[Rd] Wishlist: 'quietly' argument for .onAttach() / .First.lib()

Peter Ruckdeschel Peter.Ruckdeschel at uni-bayreuth.de
Wed Apr 19 00:59:39 CEST 2006


Summing up the discussions in this thread, I have built a package
'startupmsg' available (in a first version) for the moment at

http://www.uni-bayreuth.de/departments/math/org/mathe7/R-devel/startupmsg_0.1.tar.gz

(see documentation within)

In particular, I took up suggestions from Seth Falcon's mail as to the
condition system
in R as well as a  suggestion by Brian Ripley in some earlier reply in
this thread
to use options() to control start-up messages.

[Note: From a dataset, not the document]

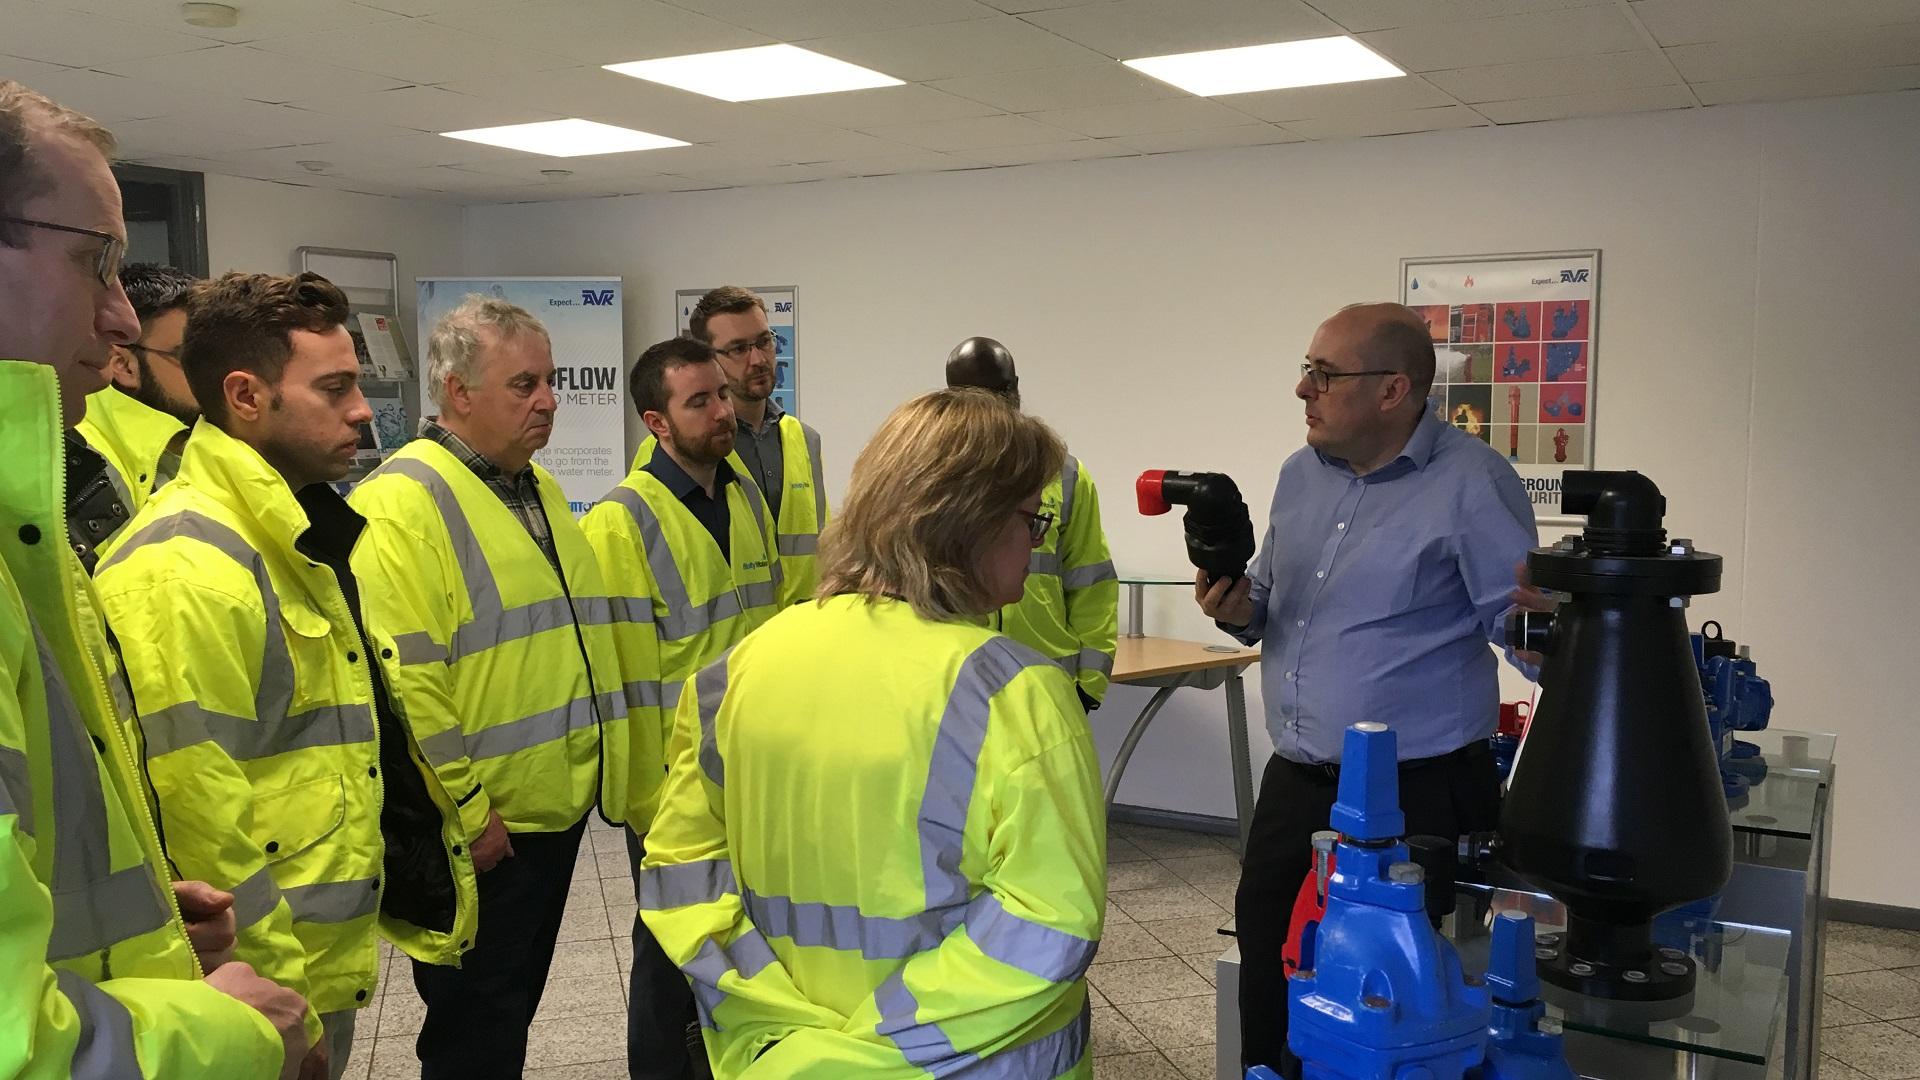 WSP Global Training and AVK Factory visit Stuart with AVK Air valves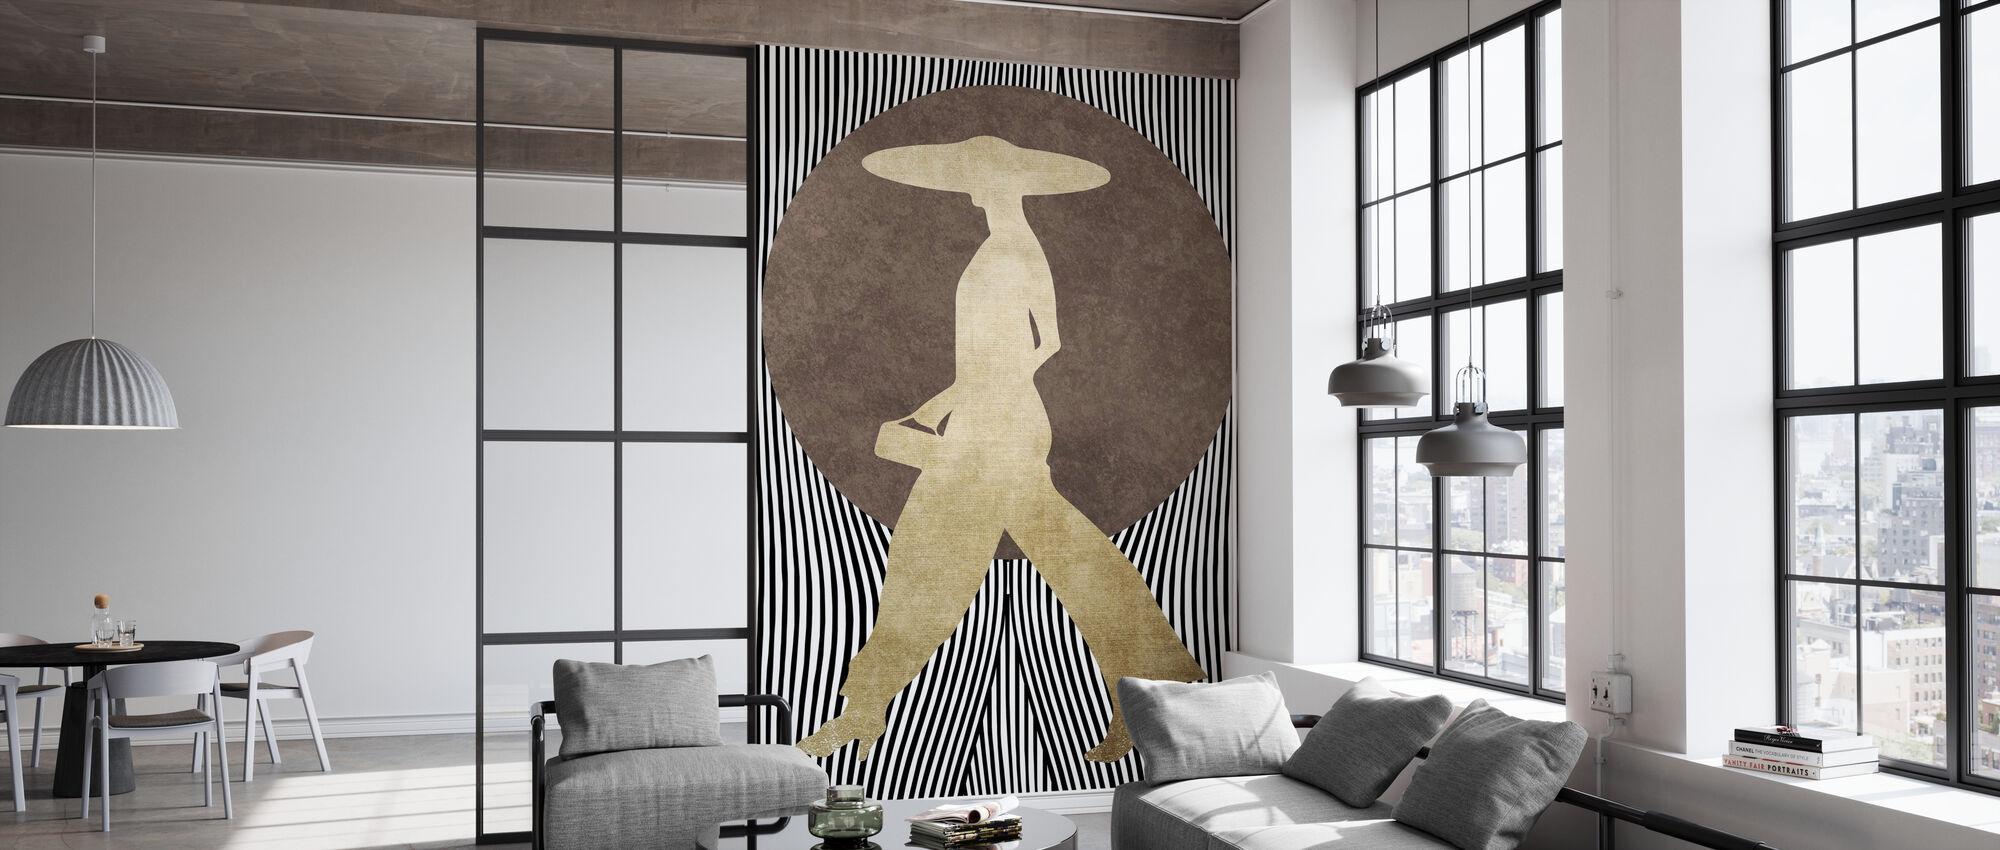 La Madame Noir - Wallpaper - Office

Any comments/suggestions are welcome.

If you find 'startupmsg' useful, you might decide to integrate (parts
of) it to the
'utils' package  (or some yet to be built package "packageutils" ) later
on ---
for the moment, I would simply submit it to CRAN in the next days.

Best,
Peter

Seth Falcon <sfalcon at fhcrc.org> writes:
>Paul Roebuck <roebuck at mdanderson.org> writes:
>>Prof Brian Ripley <ripley at stats.ox.ac.uk> writes:
>>> Similarly for Bill Dunlap's proposal: suppressMessages would squelch all
>>> messages from the call, not just the one from your package's startup
code.
>>> Now, at present there may not be any, but that could well change as
>>> message() gets more widely used.
>>
>> I found Bill's suggestion a bit scary myself; suppressing messages
>> when dealing with loading packages seems a bit like disabling the
>> compiler's warning messages - a bad idea. But it was a novel
>> approach.
>
>What's the use case where this would be scary?  suppressMessages
>doesn't supress warnings or errors, just messages.  If the info to be
>communicated to the user is important enough that it would be "scary"
>to not see it, then shouldn't it sent as a a warning or an error?
>
>> Given what you said above, do you favor the suggestion to use
>> message() instead of cat() for the purpose of .onAttach() startup
>> messages? I've seen message() before in the manpages but never saw
>> any documentation on how or when it might be considered appropriate
>> to use.

[...]

>>>>>> On Thu, 13 Apr 2006, Prof Brian Ripley wrote:
>>>>>>> I did think you could make use of an option to decide whether to
>>>>>>> the print the message or not, [snip]

[...]

>> Why would one want to represent a simple non-error message as a
>> condition in the first place?
>
>Because it allows another developer to have control over those
>messages.  That's the beauty of the condition system in R.  
>
>Right now, developers can choose to allow or suppress messages sent
>via message().  With a small change, developers could have a lot more
>control.  The message code could define a restart that would allow a
>developer-specified function to handle the message.  This could be
>useful, for example, to log all messages to a file.

[snip]

>For anyone still with me:
>
>* If there was much concern about squelching "important" messages by
>  accident, then one could define a new subclass of simpleMessage, say
>  startupMessage or blatherMessage, and then suppress just those.
>
>* This use case of handling messages could also be addressed with a
>  logging system like Python's logging module.  Basically, it would
>  allow users to install log handlers, set priorities, etc.